Cedar trees off the ground
Stefano Boeri is regarded as a pioneer of biodiverse architecture. The Torre dei Cedri planned for the outskirts of Lausanne will be another of his spectacular towers. This time, the vertical forest will consist of over 80 trees.
The highly populated urban areas of our planet use 75 percent of its natural resources. They also produce 70 percent of global CO₂ emissions. While every year, the trees and forests of this planet absorb nearly 40 percent of all emissions from fossil fuels. In other words, a greater quantity of trees and plants in cities helps to clean the air, reduce CO₂ emissions and increase biodiversity. That is the premise on which Stefano Boeri has based his Urban Forestry manifesto.
The vertical forest
Milan architect Boeri has committed himself to making cities greener and is regarded as a pioneer of biodiverse architecture. His vision goes beyond mere facade greening and creates a new kind of interconnection between nature and the built environment. He shot to international fame with his “vertical forests”, which are high-rise buildings covered in greenery. The prototype was Bosco Verticale in Milan, a high-rise complex with two towers that are home to 900 trees and around 2,000 different plants.
The main protagonists in this tower are – besides or even ahead of the people – the cedar trees.
Stefano Boeri, architect
Another example of Boeri’s vertical forests is currently being developed in Chavannes-Près-Renens, near Lausanne in Switzerland. The project is titled La Torre dei Cedri (The Cedar Tower) and is being created in collaboration with the architect Marco Bernardini. According to architectural firm Stefano Boeri Architetti: “The main protagonists in this tower are – besides or even ahead of the people – the cedar trees.”
Cedars defy climate change
This type of tree is highly resilient to changes in the climate as it tolerates hot, dry conditions very well. Global warming is increasingly causing urban planners in Central Europe to choose exotic trees for greening. This is because many native species are unable to survive the heat of the summer in the city without watering.
Over 80 trees from three different types of cedar will be planted on the facade. Together with the bushes and other plants, they will cover a total green area of around 3,000 square metres. The deep concrete planters used in Milan will be adopted here as well. Each one has grating at the bottom as additional support for the roots, enabling the trees to withstand stormy weather.

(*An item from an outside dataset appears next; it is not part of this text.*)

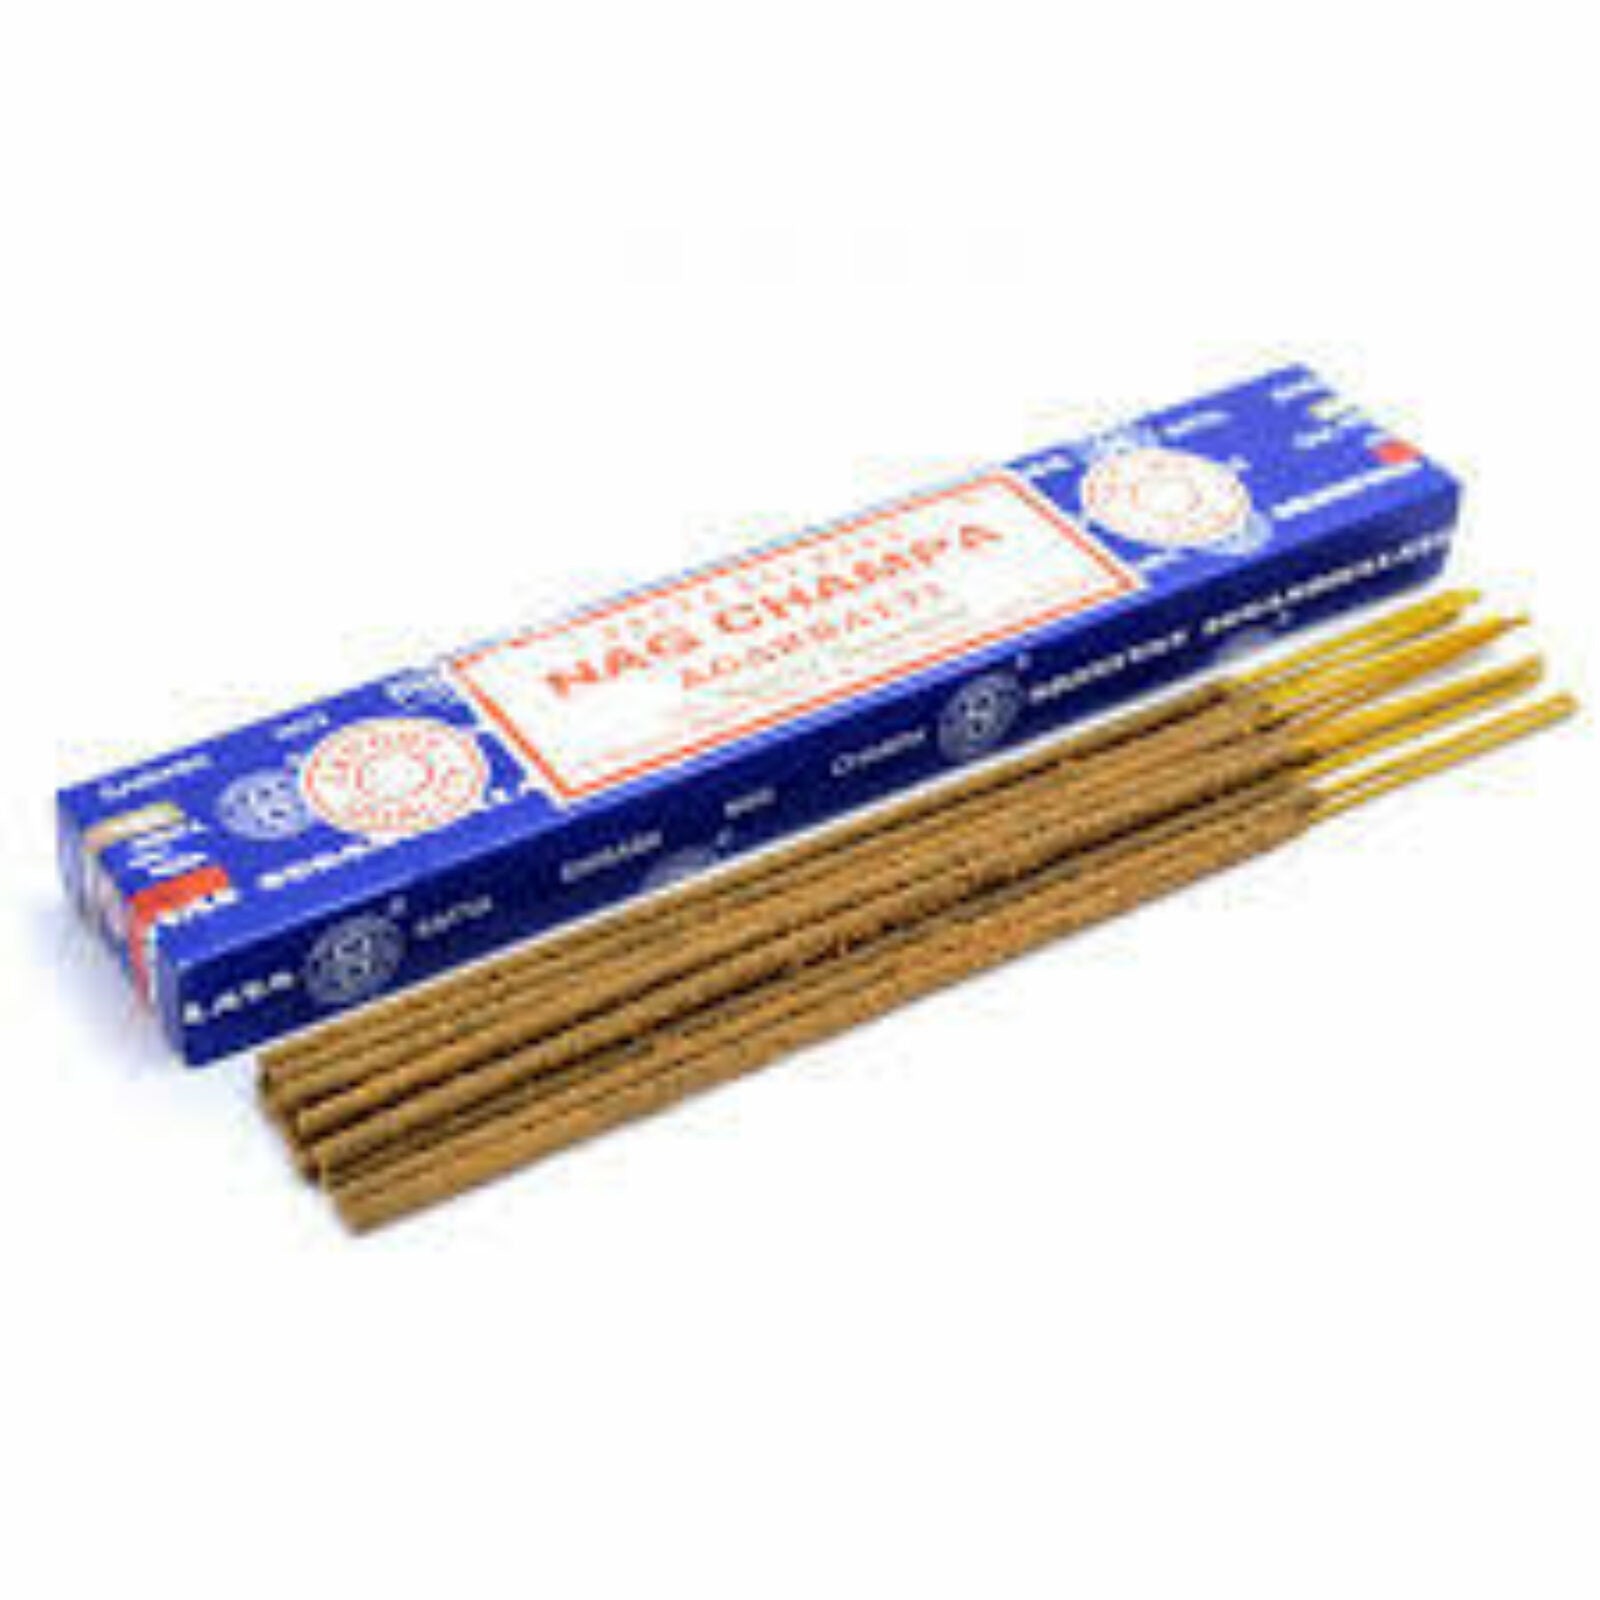 Nag Champa Sticks 15 grams

Plants improve the microclimate
Oversized containers for the trees are part of an exterior design that is based on the principle of a disconnected facade. The architects describe the design as follows: “The overall volume of the tower is characterized by a series of protruding elements including loggias of variable length in a staggered arrangement. In addition to integrating gigantic ‘pots’, this enlivens the facades and breaks up the rigid vertical succession of floors.”
The overall volume of the tower is characterized by a series of protruding elements including loggias of variable length in a staggered arrangement.
Stefano Boeri, architect
The greenery on the facade of the 117-metre-high Torre dei Cedri has many other benefits besides absorbing CO₂. Firstly, it provides new habitats and food sources for insects and birds. And secondly, the plants enhance the microclimate in the apartments and on the terraces. “This improves the quality of life for residents and forges a link with nature in an urban setting,” the architects explain.
195 apartments for 400 people
With a total of 36 storeys, the Cedar Tower is designed to provide living space for 400 people in 195 apartments with a greened facade. Architects and developers are planning a good combination of uses. Besides whole office floors, a fitness centre and restaurant will also be available in this green high-rise.
Although there are no long-term studies on this kind of structure at present, analyses of the Milan towers are expected to confirm the positive effects. The air quality in the apartments is much better than in their surroundings, for example. And after a long absence from the Italian city, certain types of bird have been making their nests in the green facade.